The worrisome fumble
The missed chance of Hashim Amla would prove to be incredibly costly for Sri Lanka, but the drop that would have really worried them came in the 33rd over, when they reprieved their primary tormentor of the series. Faf du Plessis had just scooped Lahiru Kumara for six, when Kumara managed to have du Plessis chip the ball high towards mid on. Sachith Pathirana got himself beneath the ball, but failed to snatch it. Thankfully for Sri Lanka, du Plessis would add only 15 more runs - though that was still enough to get his series tally to over 400.
The Mr 180
If AB de Villiers is the world's best proponent of a 360-degree batsman, Niroshan Dickwella has himself showcased a wide range of strokes on this tour, even if he is not quite in de Villiers' league. Perhaps the best example came in the fifth over today, bowled by Kagiso Rabada. First ball, Dickwella dropped to his knees and ramped it over the keeper's head all the way for six. Next ball, he stayed still at the crease and lofted a full delivery back over the bowler's head for four. In two balls, playing one completely unconventional stroke, and another that was as old as they come, Dickwella had hit boundaries to opposite ends of the ground.
The repeat wrong 'un
Imran Tahir has used his googly beautifully right through the series, and having had Dhananjaya de Silva stumped off his legbreak in a previous ODI, he beat de Silva's other edge at Centurion with a ball that pitched virtually in the same place, but spun the other way. Having flighted this ball up and drawn the batsman forward, he sneaked it through bat and pad, and into the stumps. It was virtually a repeat of his dismissal of Dinesh Chandimal at Port Elizabeth.

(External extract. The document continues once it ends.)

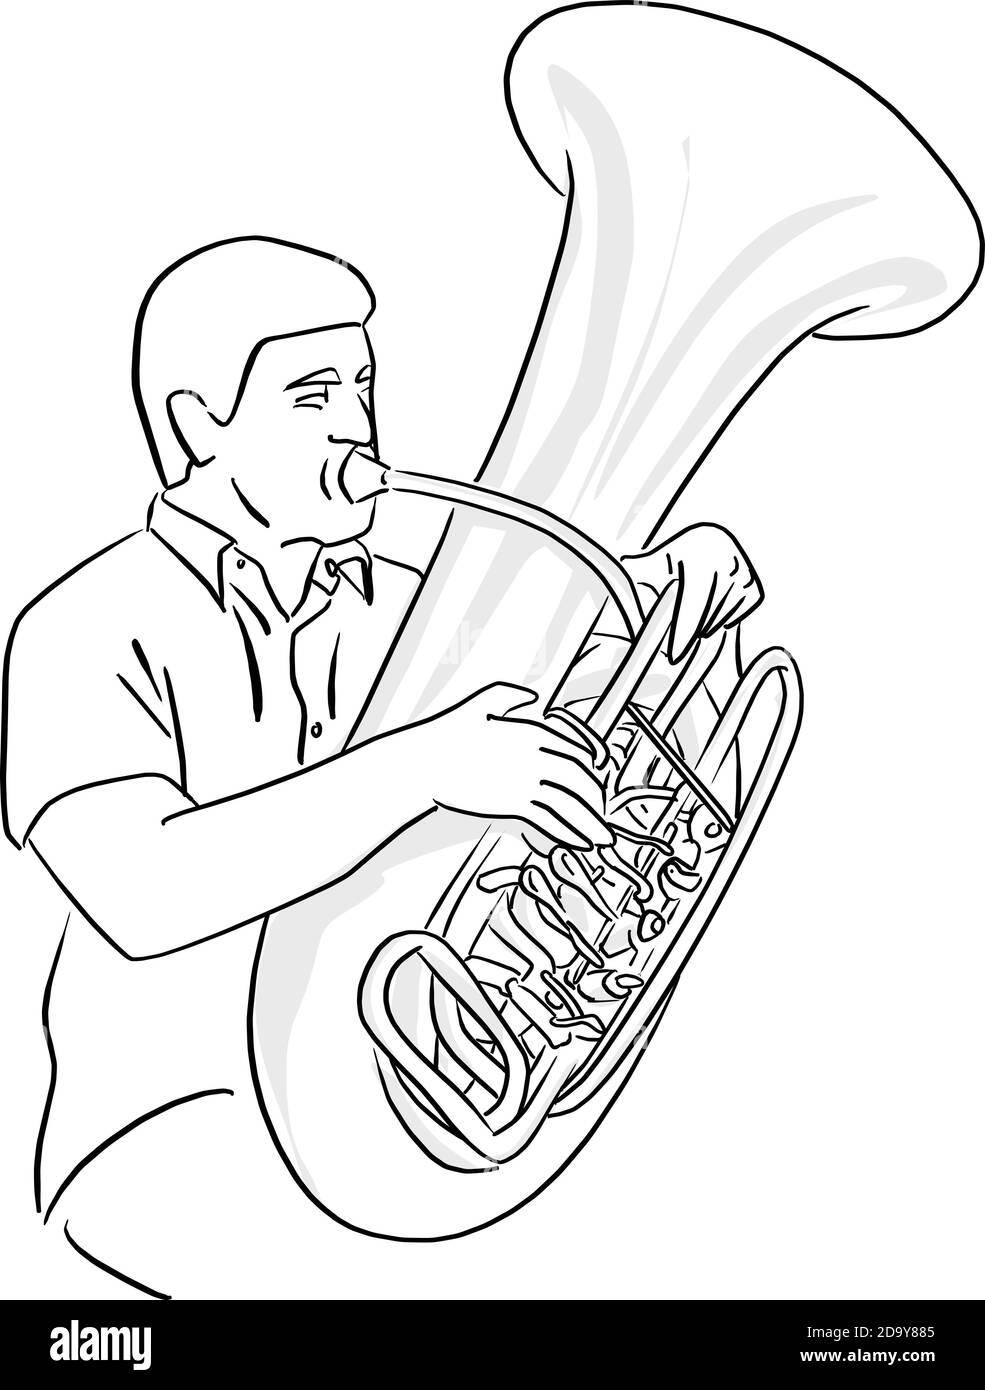 Mann spielen Tuba Vektor Illustration Skizze Doodle Hand gezeichnet mit Schwarze Linien auf weißem Hintergrund isoliert Stock Vektor

Sri Lanka are accustomed to getting batsmen out pad-bat with their spinners, but today, it was a quick who got a batsman out this way, in what was the strangest dismissal of the game. When Suranga Lakmal sent a thigh-high short ball at JP Duminy's leg stump, the batsman shuffled towards off stump and attempted to paddle the ball to leg. He did not connect with his bat first time, but when the ball bounced up off his thigh pad, it caught the back of his bat in its follow through. The ball then lobbed up to the wicketkeeper, who was standing a good 12 metres from the stumps.